■ DATA EXCERPT ■
= = = = = = =

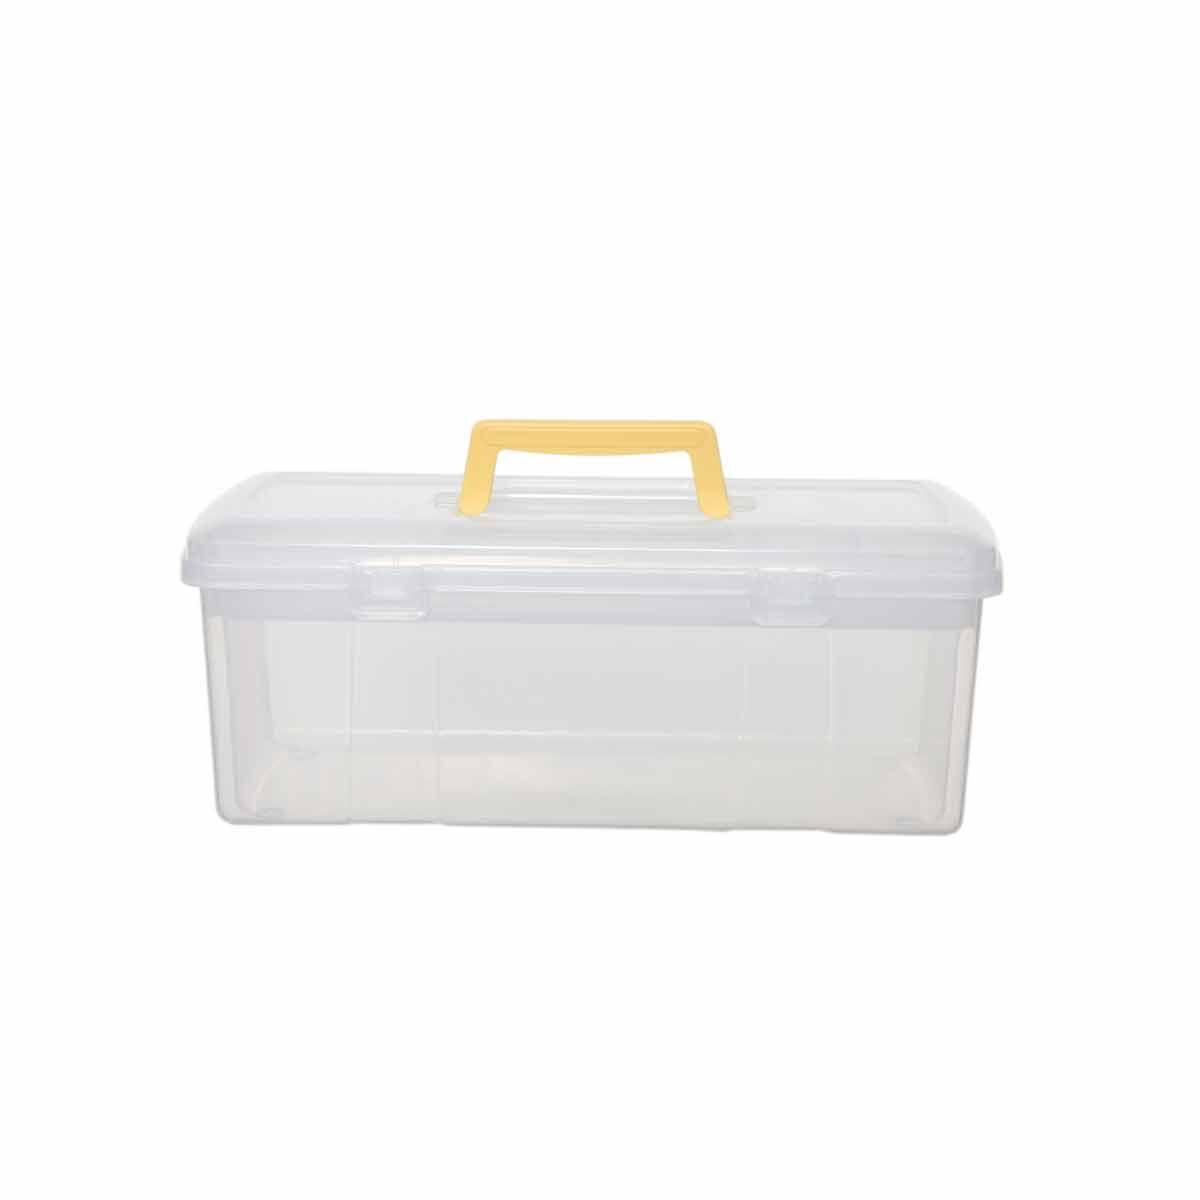 Whitefurze Utility Box with Tray 5 Litre
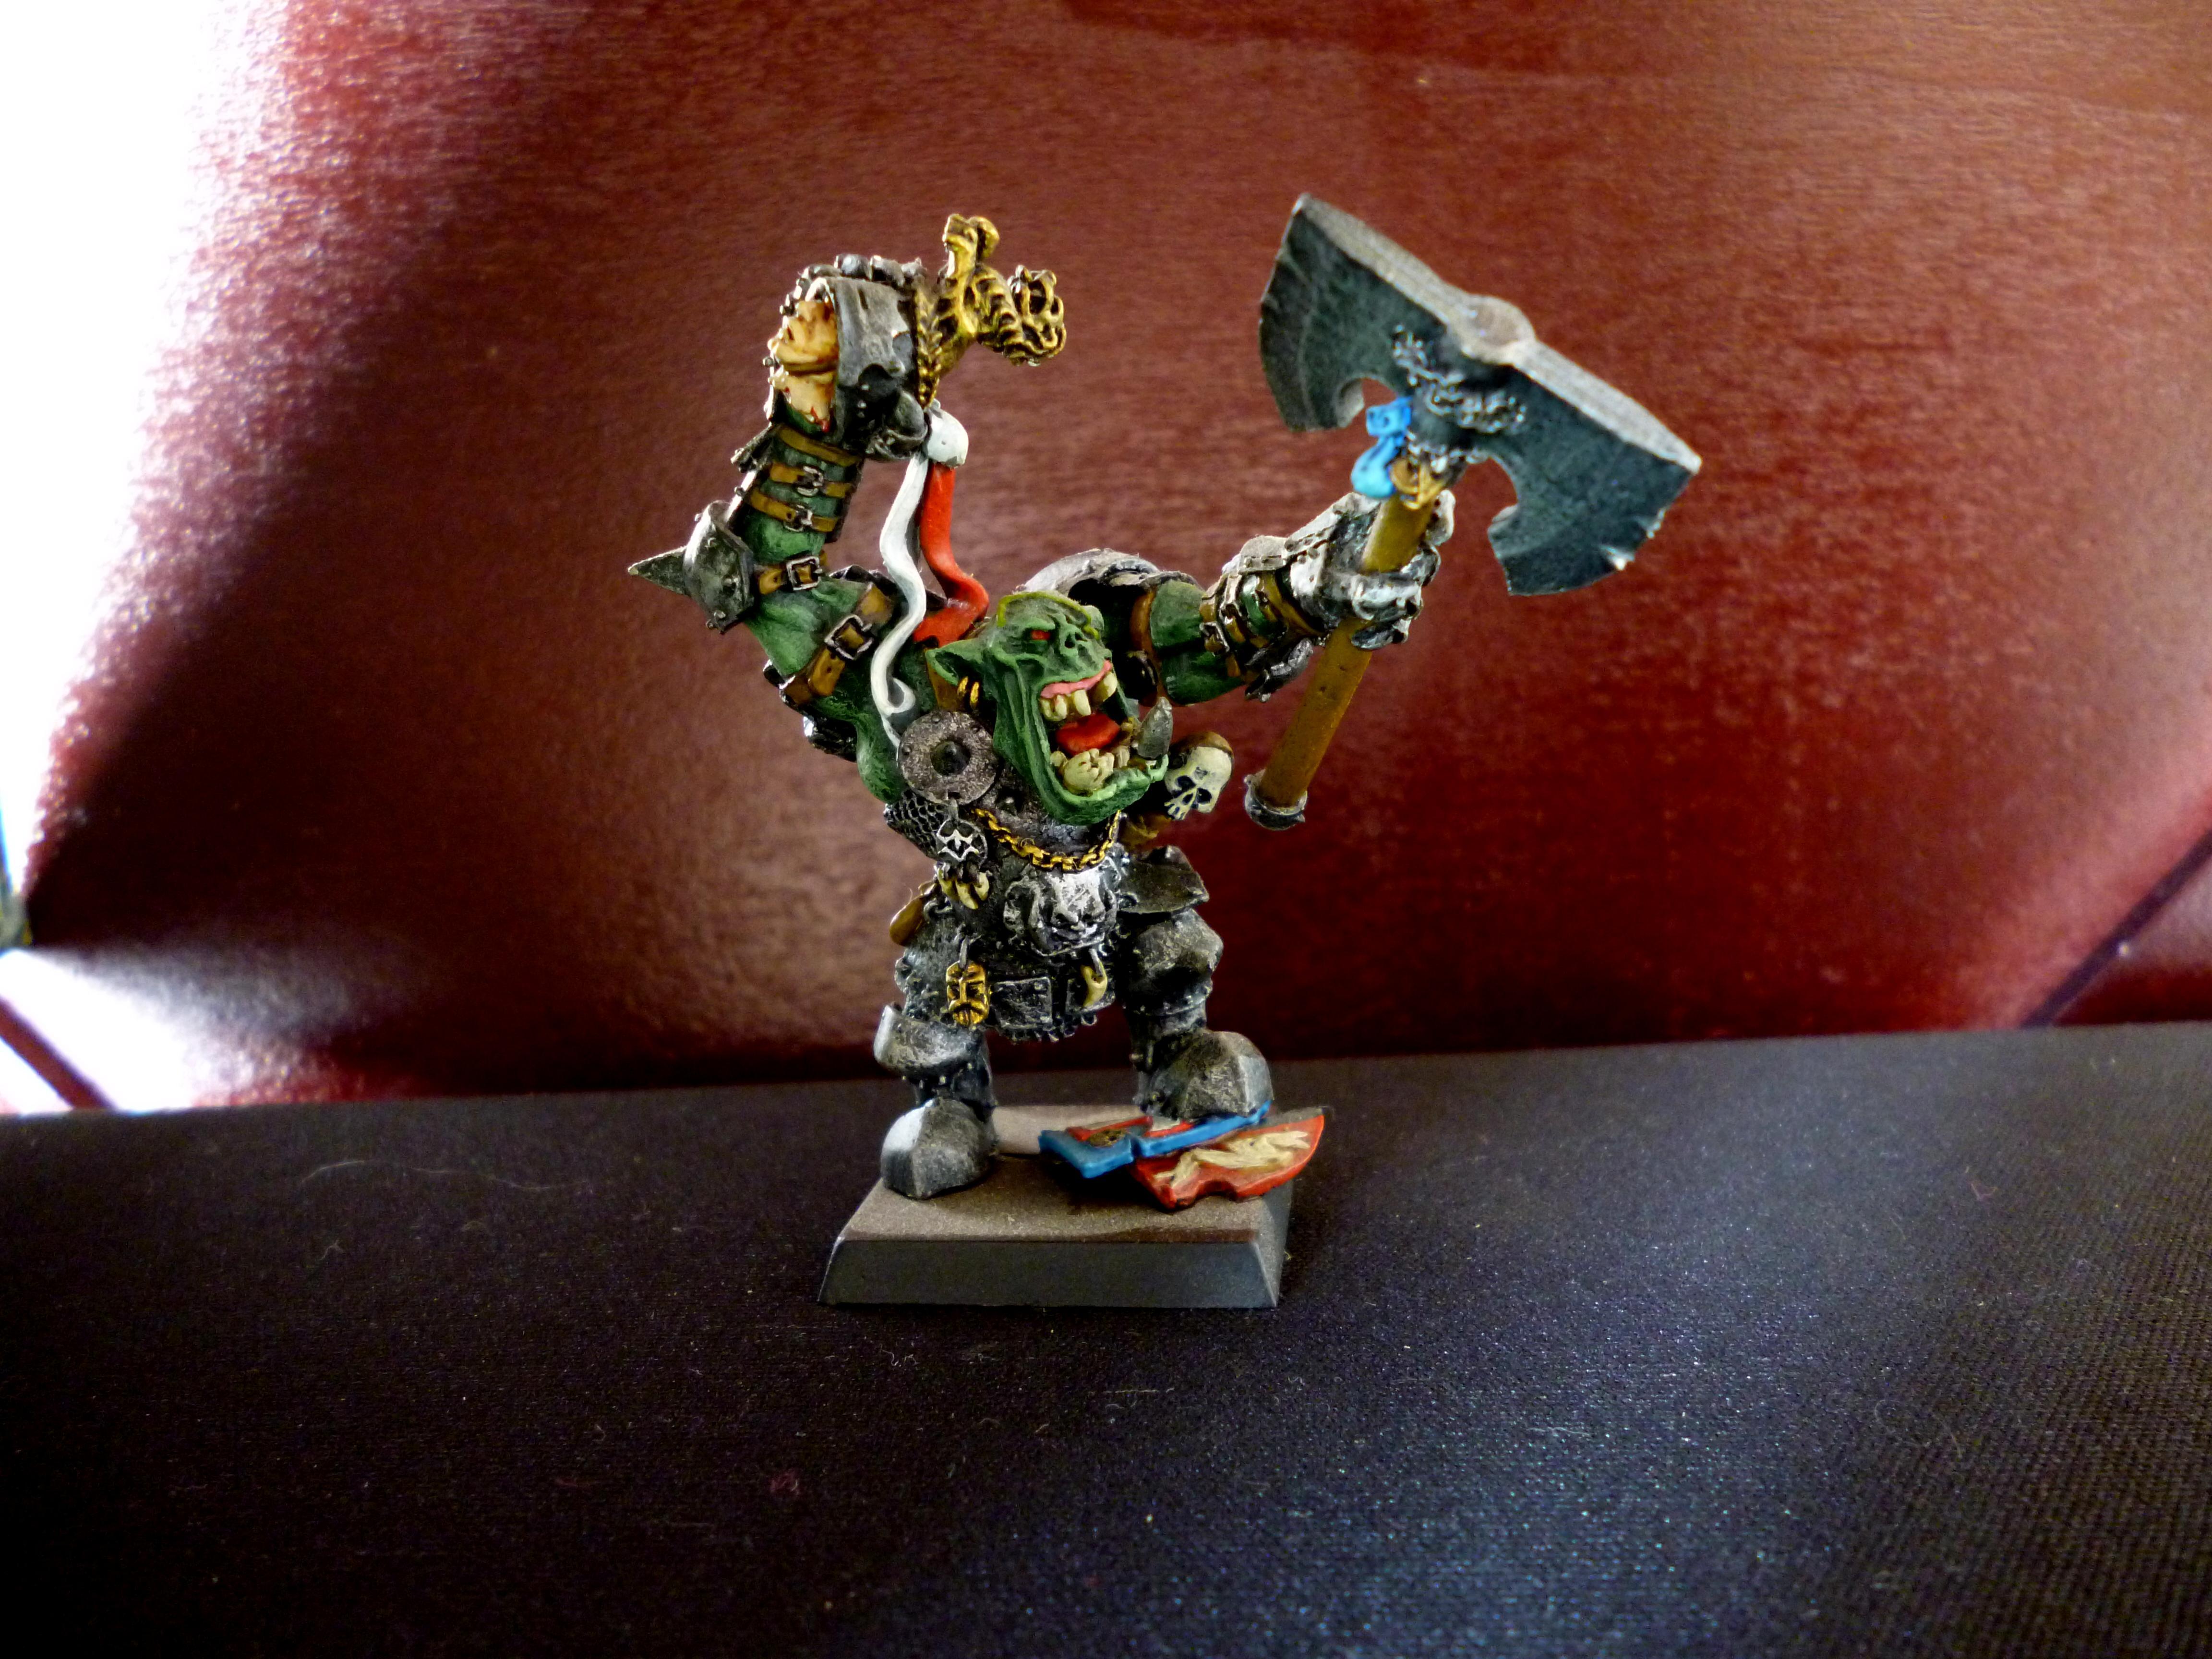 Goblins, Greenskins, Grimgor Ironhide, Grobi, Orcs
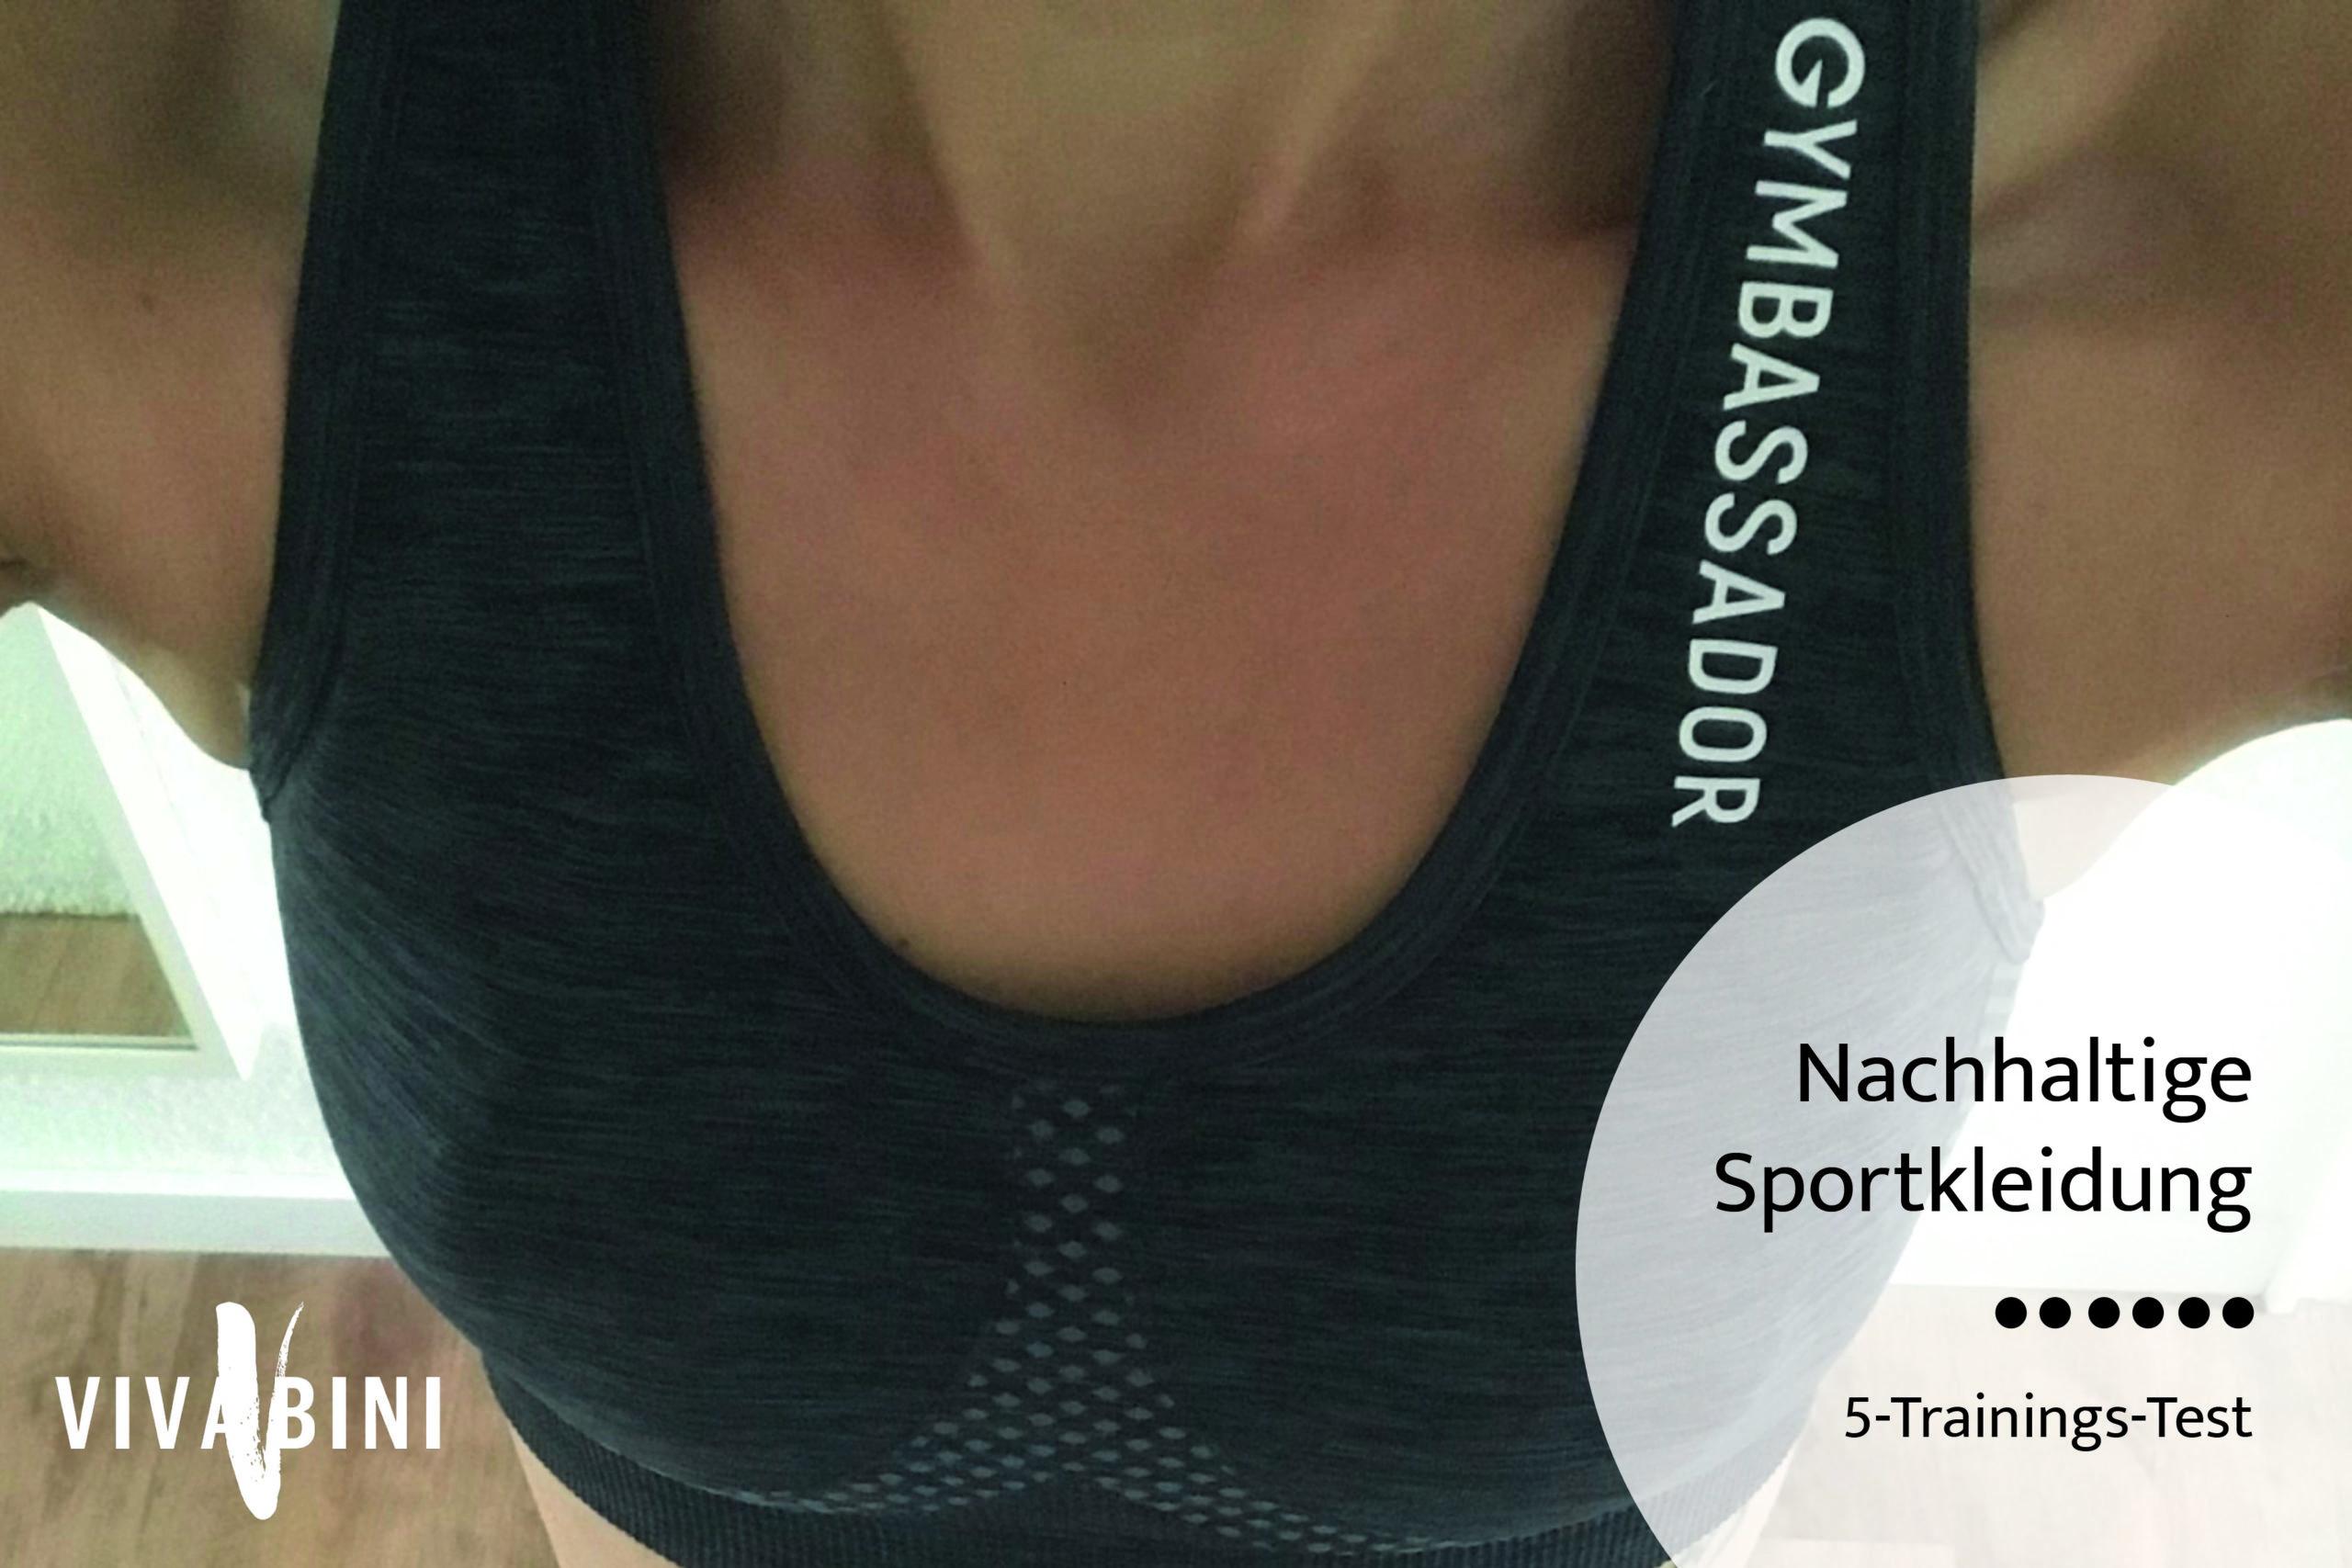 Gymbassador Testbericht nachhaltige Sportbekleidung

= = = = = = =

■ TRY IT ■
Give back the whole listing exactly as it stands. No pictures belong in the copy.

■ SOLUTION TO THIS PROBLEM ■
 Whitefurze Utility Box with Tray 5 Litre
 Goblins, Greenskins, Grimgor Ironhide, Grobi, Orcs
 Gymbassador Testbericht nachhaltige Sportbekleidung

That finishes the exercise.